You can see what this portends. ANC cadres are meant to infiltrate every aspect of society, not merely the public service. If the party has its way, its cadres will be found in every walk of life, including the shrinking private sector. The boundaries between society and the ruling party will become so blurred they will merge. SA will become a seamless copy of the Soviet Union, and we all know what happened to that after time and kilometres of pain.

I wonder, though, if the architects of this James Barrie Neverland took account of two factors. The first, and probably least important, is the National Planning Commission. It has told the government and the ruling party that the role of the Public Service Commission must be strengthen­ed in the recruiting of senior officials; a hybrid approach to top appointmen­ts must be adopted to reconcile what is needed administra­tively and what the politicos want; a public service head must be establishe­d to manage the career progressio­n of department­al heads; and senior officials must have “full authority” to appoint their staff.

That’s a middle finger to cadre deployment. But the commission is toothless so it will be ignored.

The second factor is the Municipal Systems Amendment Act (7 of 2011) which prevents cadres from holding senior management jobs in municipali­ties.

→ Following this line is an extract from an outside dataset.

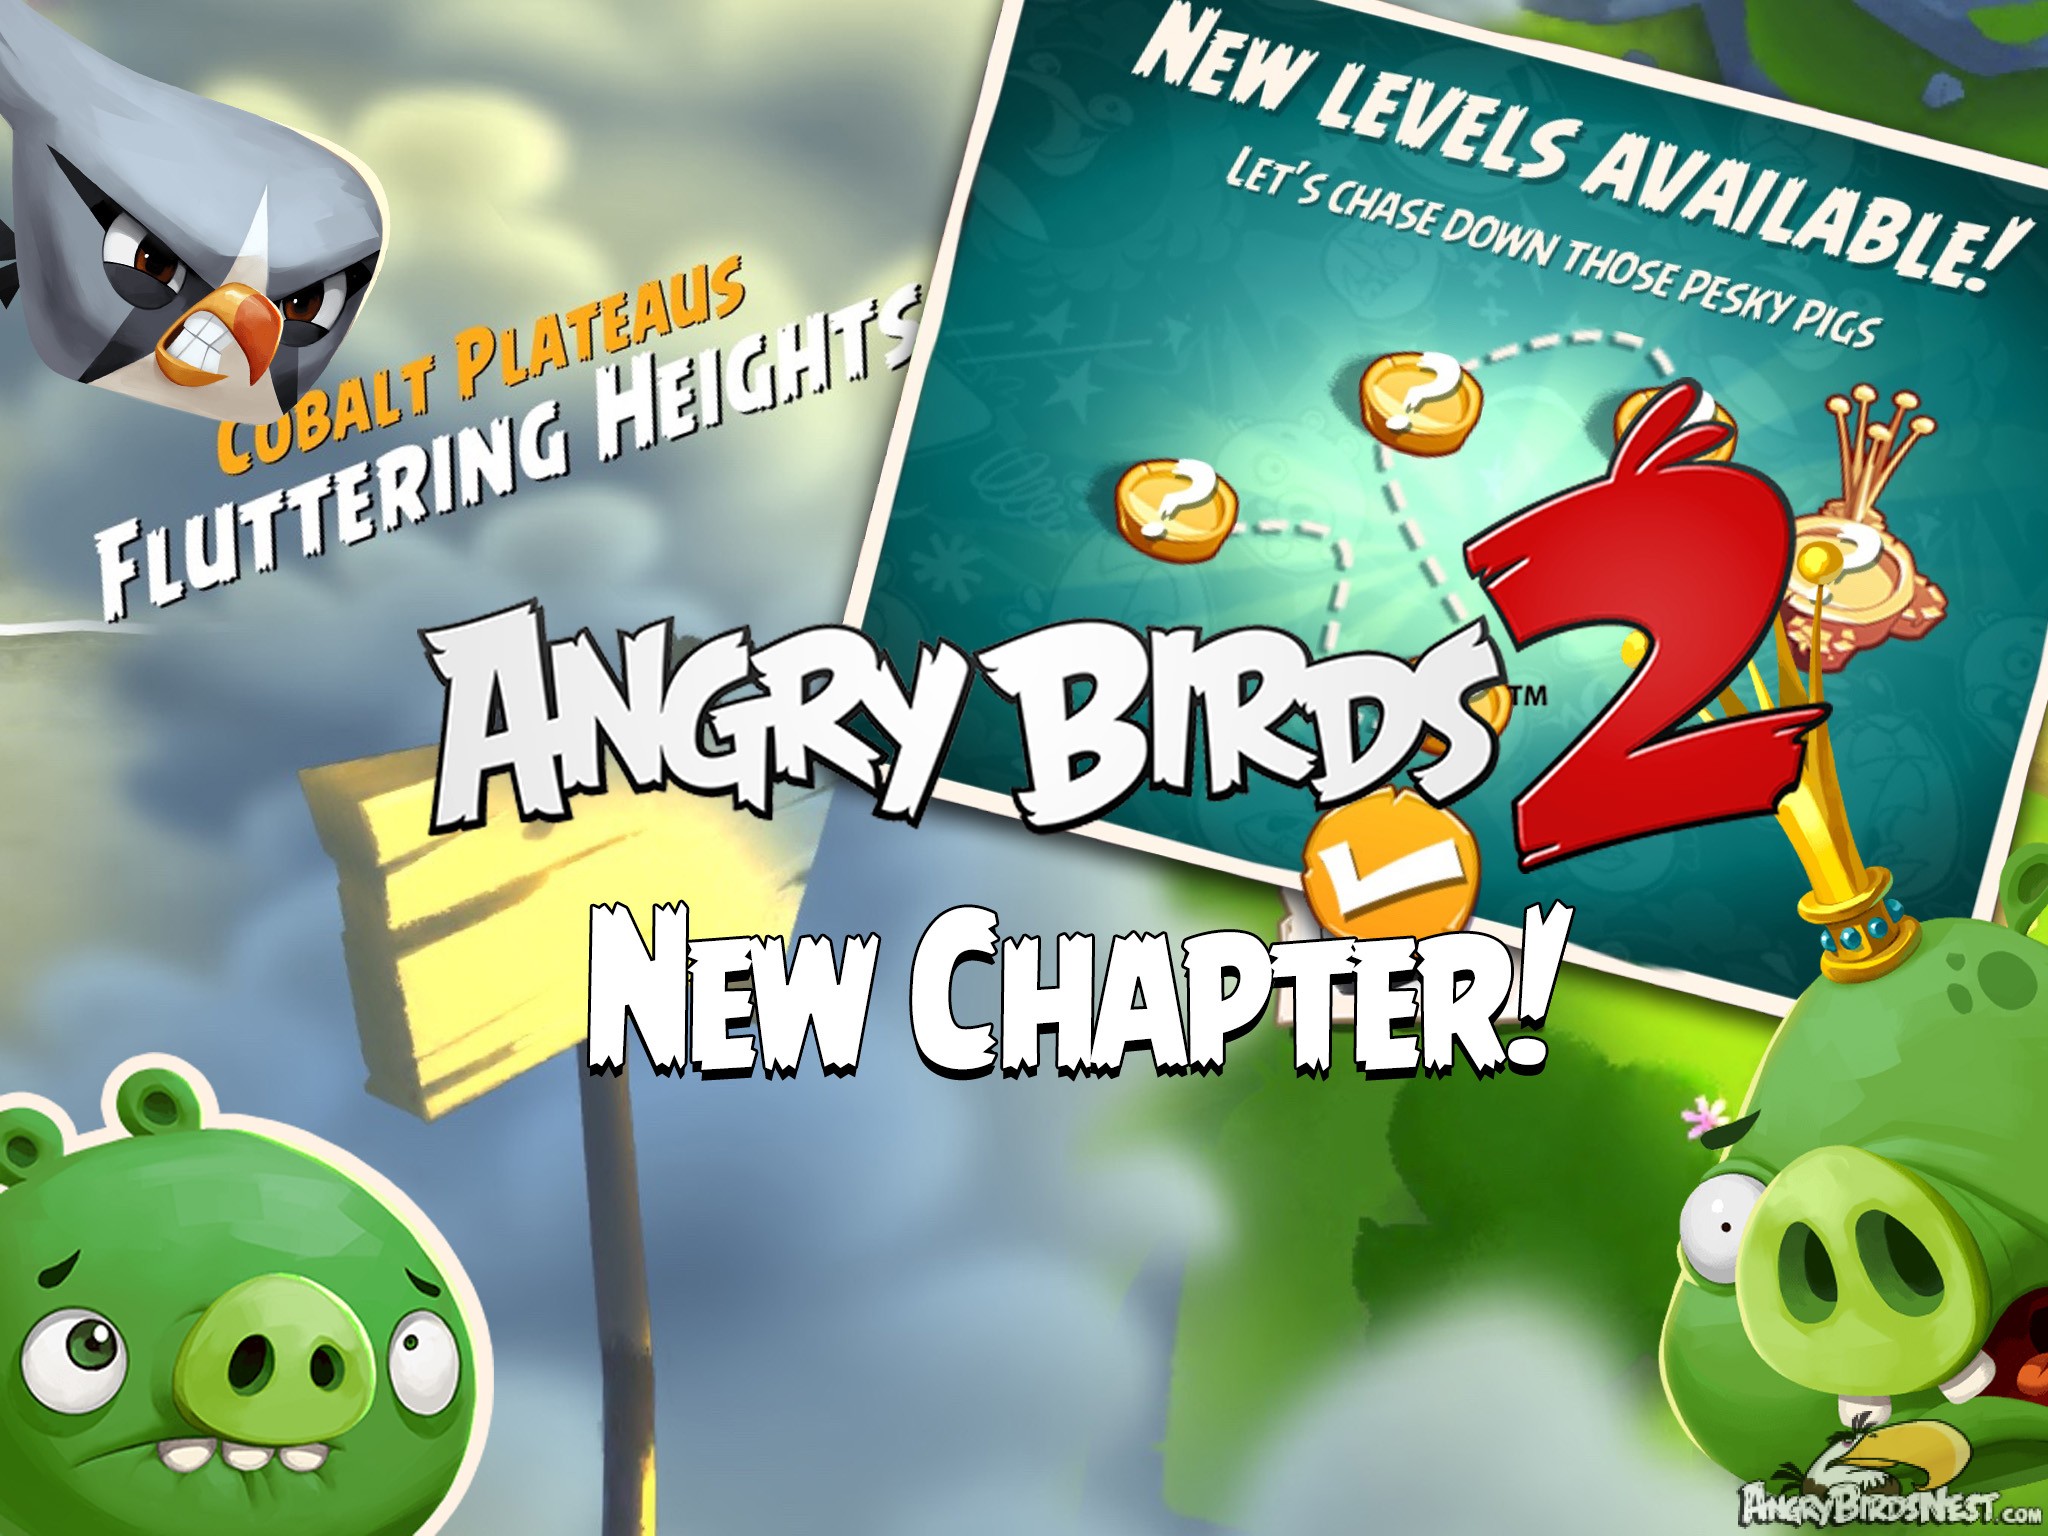 Angry Birds 2 Update Fluttering Heights Feature Image

It goes further — it bars the employment of senior municipal managers who can’t demonstrat­e they have the basic skills, and their appointmen­ts have to be submitted to the co-operative governance minister. The act took effect on July 8 last year.

Now that really is a middle finger. If the Decade of the Cadre is to be implemente­d the way the authors of Neverland imagine, then this will have to be repealed.

There’s a lot more in the recommenda­tions about which to get miserable. Since I’ve started, let me make your day. No more “media sensationa­lism”. It must be “tempered with concrete examples of government at work delivering services”.

Rental boards must be reintroduc­ed “to regulate rental amounts particular­ly”. You can imagine what that will do to the property sector. Oh yes, and the state must intervene in the housing “finance value chain so as to improve access to finance by poor and working class households”. What does that sound like? Does “subprime” ring any bells?

Helen Zille and the Democratic Alliance (DA) are a pain. So “provinces (are to be) reformed, reduced and strengthen­ed.”. That means two things. Efforts will be made to rejig the Western Cape to ensure the DA can’t win — though given the inroads it is claiming in the Northern Cape and Eastern Cape that may be wishful thinking. And a strengthen­ed provincial structure goes against the ANC’s traditiona­l predilecti­on for centralisa­tion. Fireworks if this is carried through.

By the way, the make-up of the Cabinet makes interestin­g reading. Ten of its 36 members are or were members of the Communist Party; another 17 are of a pinkish hue; nine might be centre or centre-right. Ask yourself why a party that has never fought an election neverthele­ss occupies nearly a third of the seats at the Cabinet table.